Atlanta Federal Reserve Bank President Dennis Lockhart said Wednesday he supports the continued unwinding of Fed asset purchases, but short-term interest rate hikes should be delayed until at least the second half of next year.

And Lockhart, who will be a voting member of the Fed’s policymaking Federal Open Market Committee next year, said rate hikes should be delayed even further if the economy and labor markets do not improve as much as expected.

The FOMC reduced purchases of longer-term Treasury and mortgage-backed securities by $10 billion a month for the third straight meeting March 29, and said the first rate hikes would come “a considerable time” after asset purchases end.

Fed Chair Janet Yellen told reporters the “tapering” of bond buying likely will be completed “this Fall” and the first rate hikes would come “around six months” later, provided the economy performs as hoped. This was widely interpreted as implying a rate by mid-2015, if not sooner.

But Lockhart made clear he thinks rate hikes should be further delayed, in a speech prepared for delivery to the Greater Miami Chamber of Commerce.
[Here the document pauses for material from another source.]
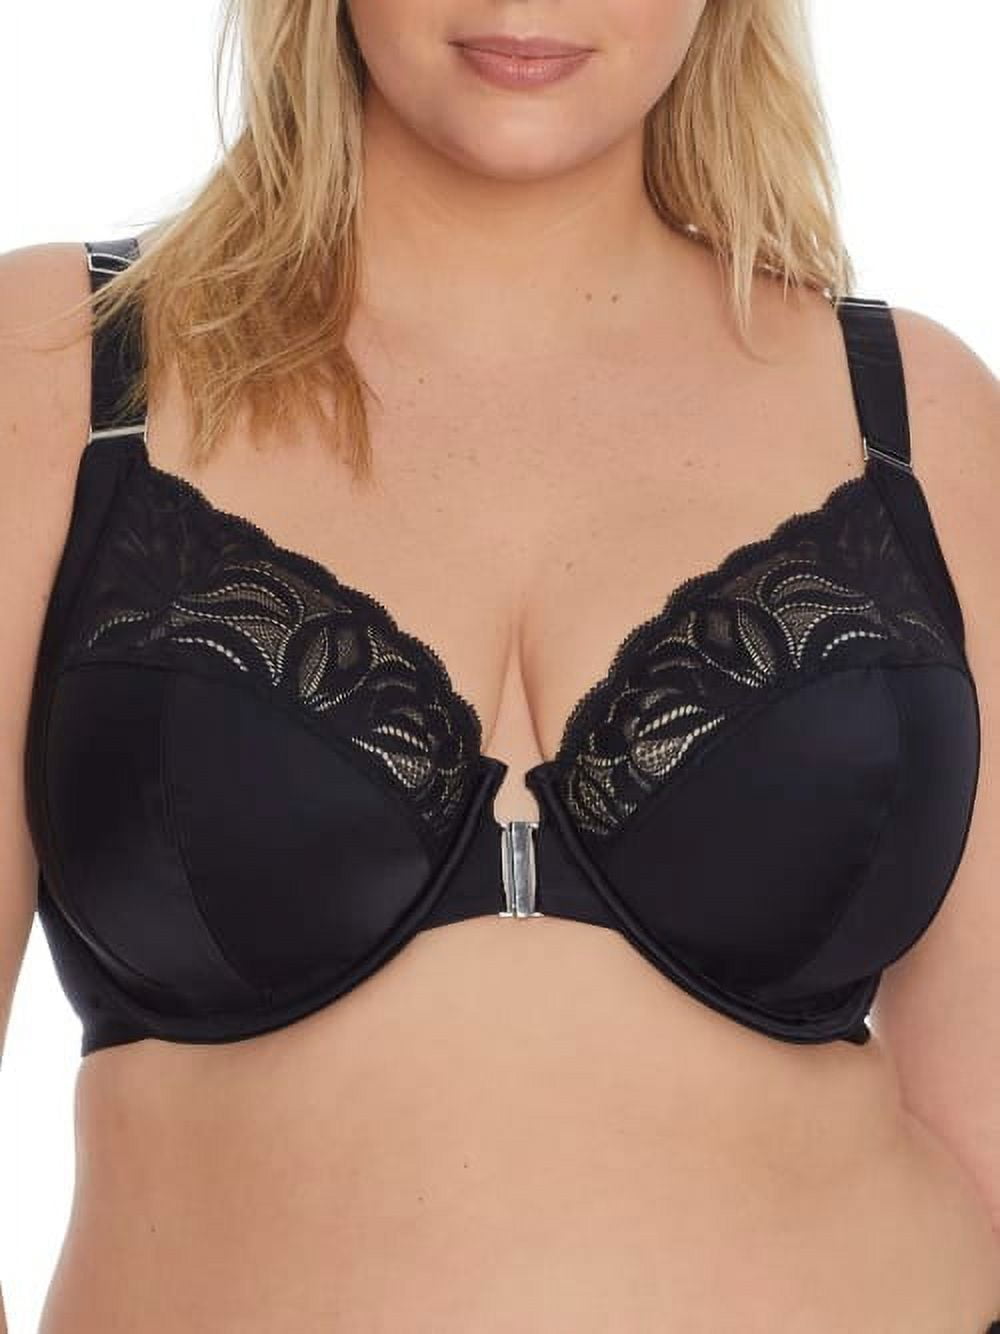 REVEAL Midnight Black The Perfect Support T-Shirt Bra, US 34DDD, UK 34E,  NWOT

Pointing to the “considerable amount of slack” remaining in the economy and in labor markets and inflation running below the Fed’s 2% target, he said, “the FOMC is still significantly short of achieving its two mandated objectives.”

And so “based on my working medium-term outlook, I see the latter half of 2015 as the likely time frame for the first move to higher rates.”

Like most, Lockhart blamed weak first quarter economic growth, which he estimated at less than 2%, largely on the weather, but said the weakness nevertheless causes concern whether the economy has lost underlying momentum.

He said he expects GDP growth to reach near 3% in the second quarter and beyond, but he will be looking at more than just the growth rate and the headline “U-3” unemployment rate, which now stands at 6.7%. He said he will look at a broad array of labor indicators which point to more slack in the labor market to decide the appropriate stance of monetary policy.

Even if the economy grows as he expects, “monetary policy should remain quite accommodative for some time,” Lockhart said. “To be even more precise, any uptick in the policy rate is unlikely to be warranted until at least the last half of next year.”

But if the economy falls short of his expectations, Lockhart said rate hikes should be further delayed.

He said “sustained GDP growth in the neighborhood of 3% will generate sufficient movement toward the FOMC’s objectives to justify a gradual liftoff in policy rates sometime in the latter half of 2015.” But he added, “if that progress fails to materialize, a later liftoff date than I am assuming will likely be appropriate.”

Lockhart suggested the third round of “quantitative easing” has served its purposes, calling “forward guidance” on the path of the funds rate the FOMC’s ” main instrument of monetary policy.”